╔══

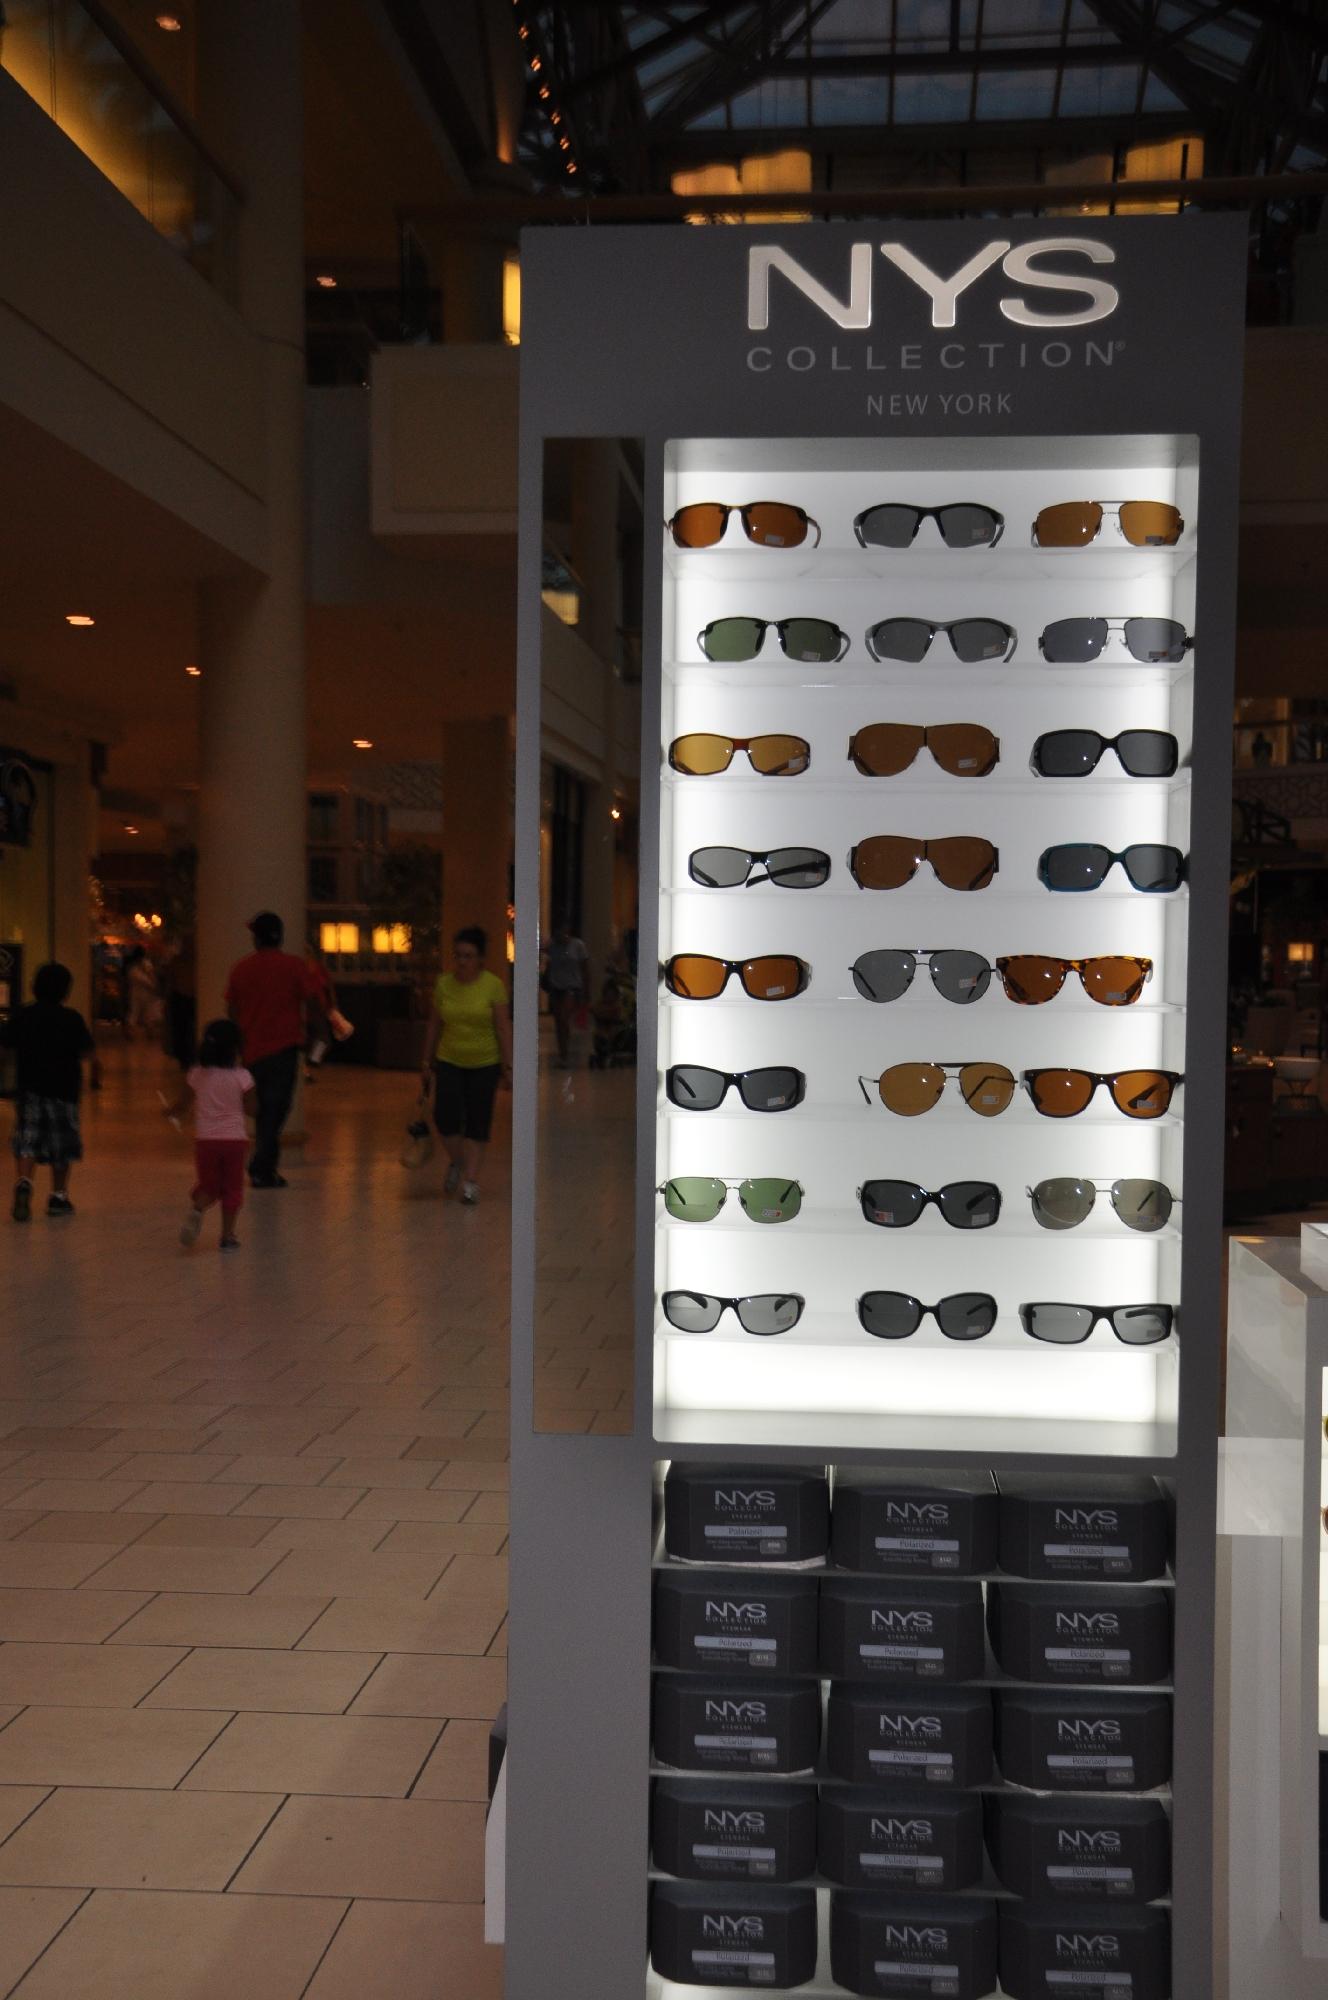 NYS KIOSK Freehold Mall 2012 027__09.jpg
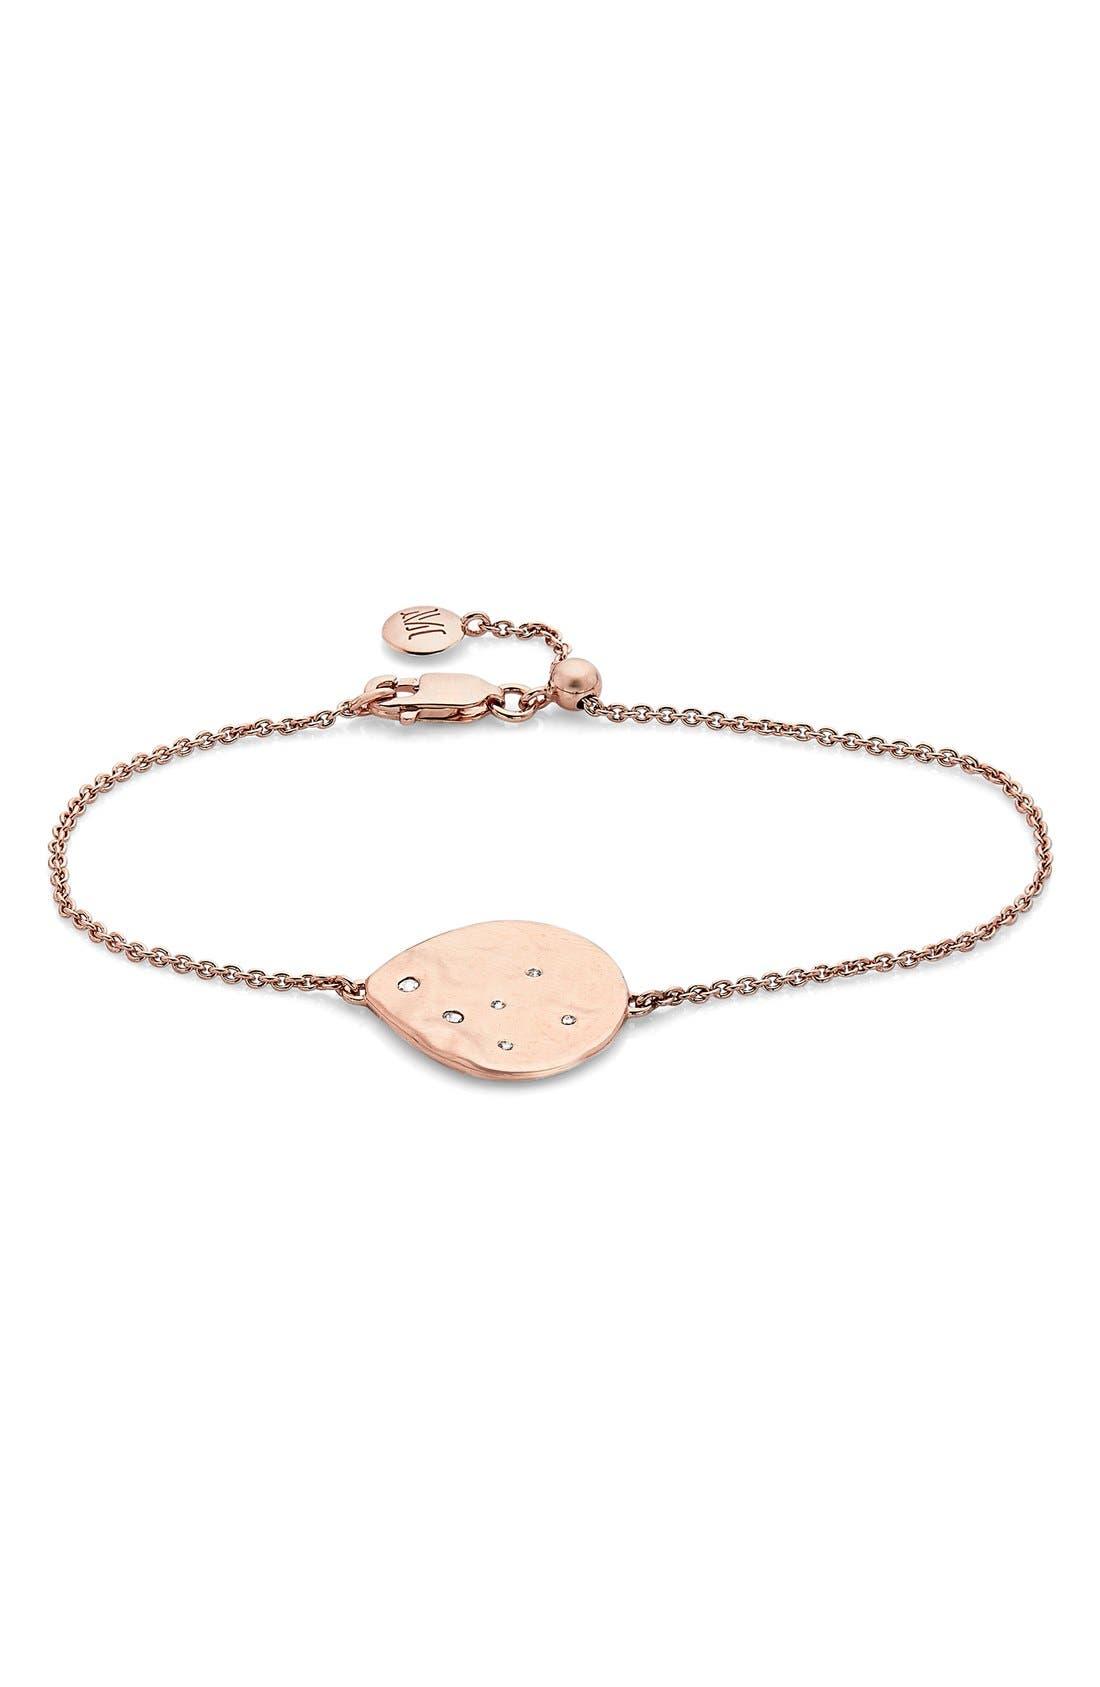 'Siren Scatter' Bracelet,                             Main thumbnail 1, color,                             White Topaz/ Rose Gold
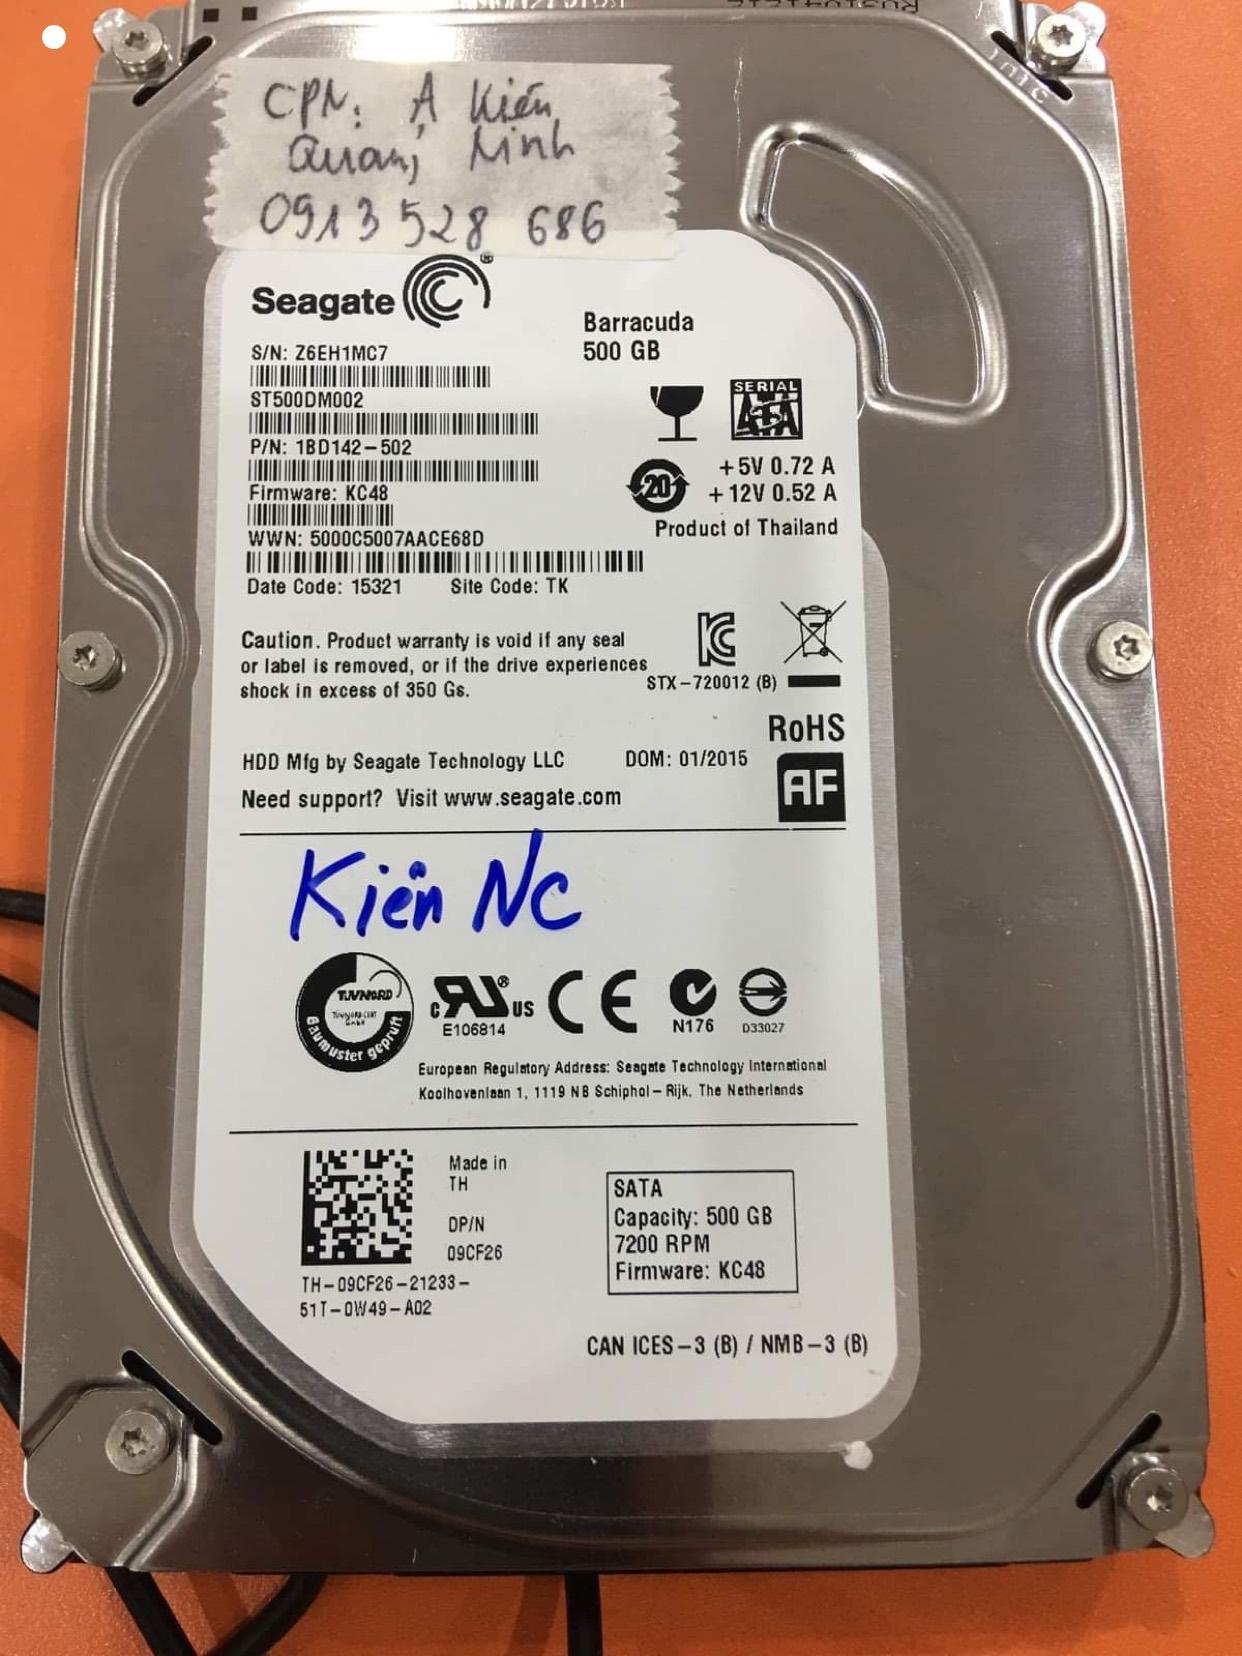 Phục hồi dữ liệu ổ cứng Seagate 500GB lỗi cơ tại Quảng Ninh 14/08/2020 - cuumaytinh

╚══

* _Exercise brief_:
Your copy must repeat the data word for word and show none of its images.

* _Written reply_:
 NYS KIOSK Freehold Mall 2012 027__09.jpg
 'Siren Scatter' Bracelet,                             Main thumbnail 1, color,                             White Topaz/ Rose Gold
 Phục hồi dữ liệu ổ cứng Seagate 500GB lỗi cơ tại Quảng Ninh 14/08/2020 - cuumaytinh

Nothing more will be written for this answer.